What Is a DTI Calculator?

A DTI calculator compares your monthly debt payments with gross monthly income so you can see how much of your income is already committed before a lender reviews a file. Use it when preparing for a mortgage, testing a rent or payment change, deciding whether to pay down debt before applying, or translating scattered bills into one front-end and back-end ratio.

  • Mortgage planning: Test a proposed housing payment before you talk with a lender or shop for homes.
  • Debt cleanup: See whether credit card minimums, auto loans, or student loans are pushing the ratio above your target.
  • Budget review: Separate fixed debt commitments from flexible spending so the number is easier to act on.
  • Loan comparison: Model how a new monthly payment changes total debt load before accepting new credit.

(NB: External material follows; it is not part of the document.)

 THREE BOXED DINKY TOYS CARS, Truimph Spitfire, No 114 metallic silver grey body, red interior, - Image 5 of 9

DTI is not the same as a complete budget. It ignores groceries, utilities, insurance that is not part of housing, savings goals, and other non-debt costs. That narrow focus is useful because lenders commonly need a standardized debt measure, but it also means a ratio that looks acceptable can still feel tight in real life.

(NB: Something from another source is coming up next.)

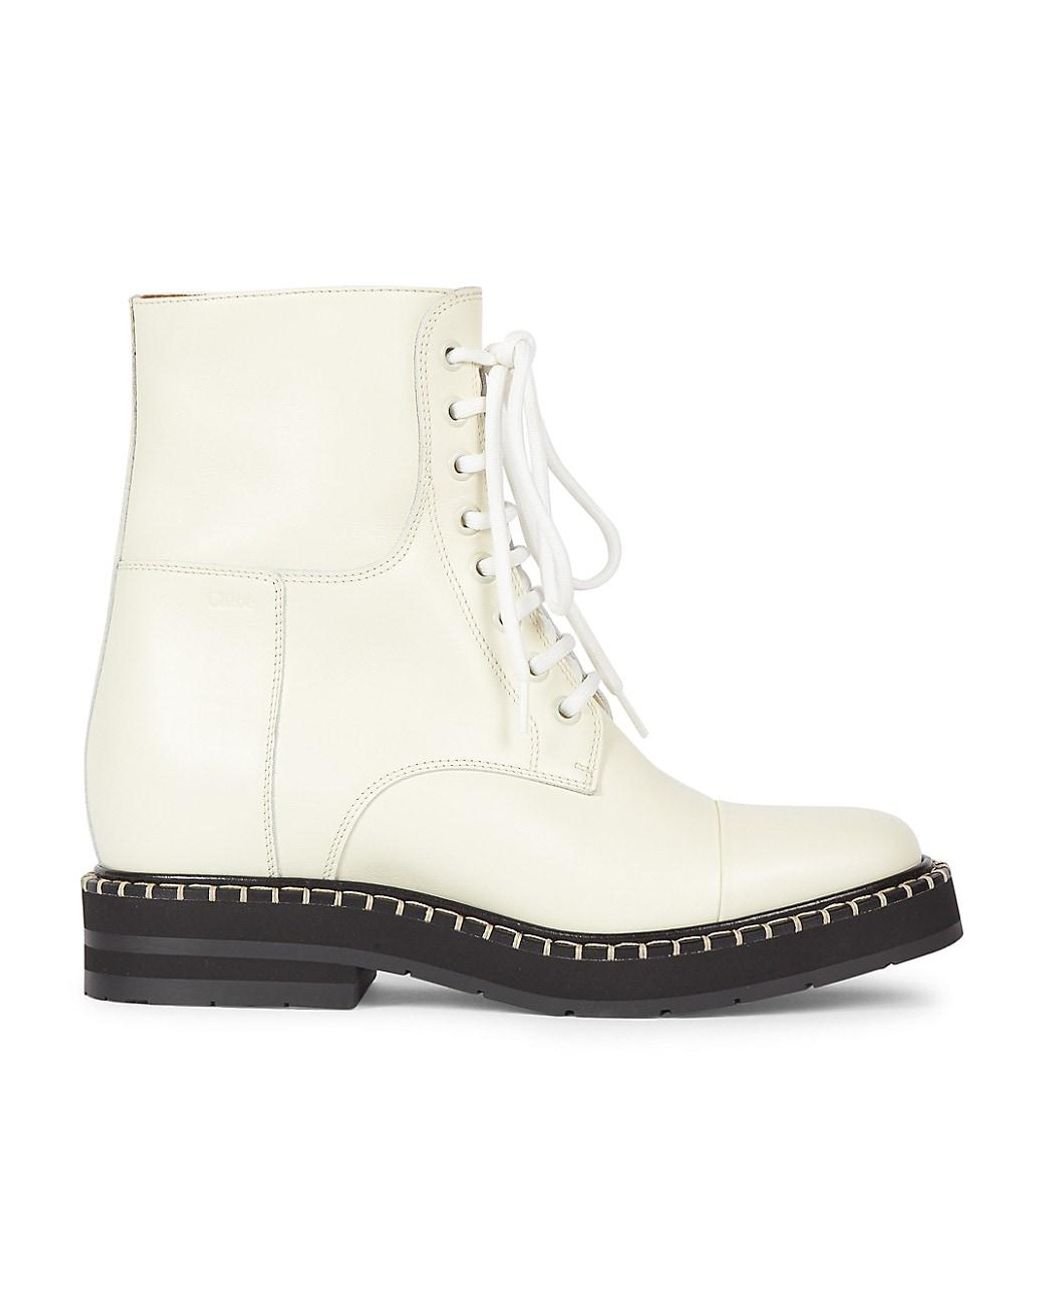 Chloé Noua Leather Lace-up Short Boots in Eggshell (White) | Lyst

This page uses both current and proposed housing payments. Current DTI shows where you stand today. Proposed DTI shows what happens if the housing payment changes, which is often the more useful number for a mortgage, refinance, or relocation decision.

If you want the same ratio explained with the full phrase instead of the acronym, the debt-to-income ratio calculator is the closest companion page.

How DTI Calculator Works

The calculator adds recurring monthly debt payments, divides by gross monthly income, and expresses the result as a percent. It also separates housing-only DTI from total DTI.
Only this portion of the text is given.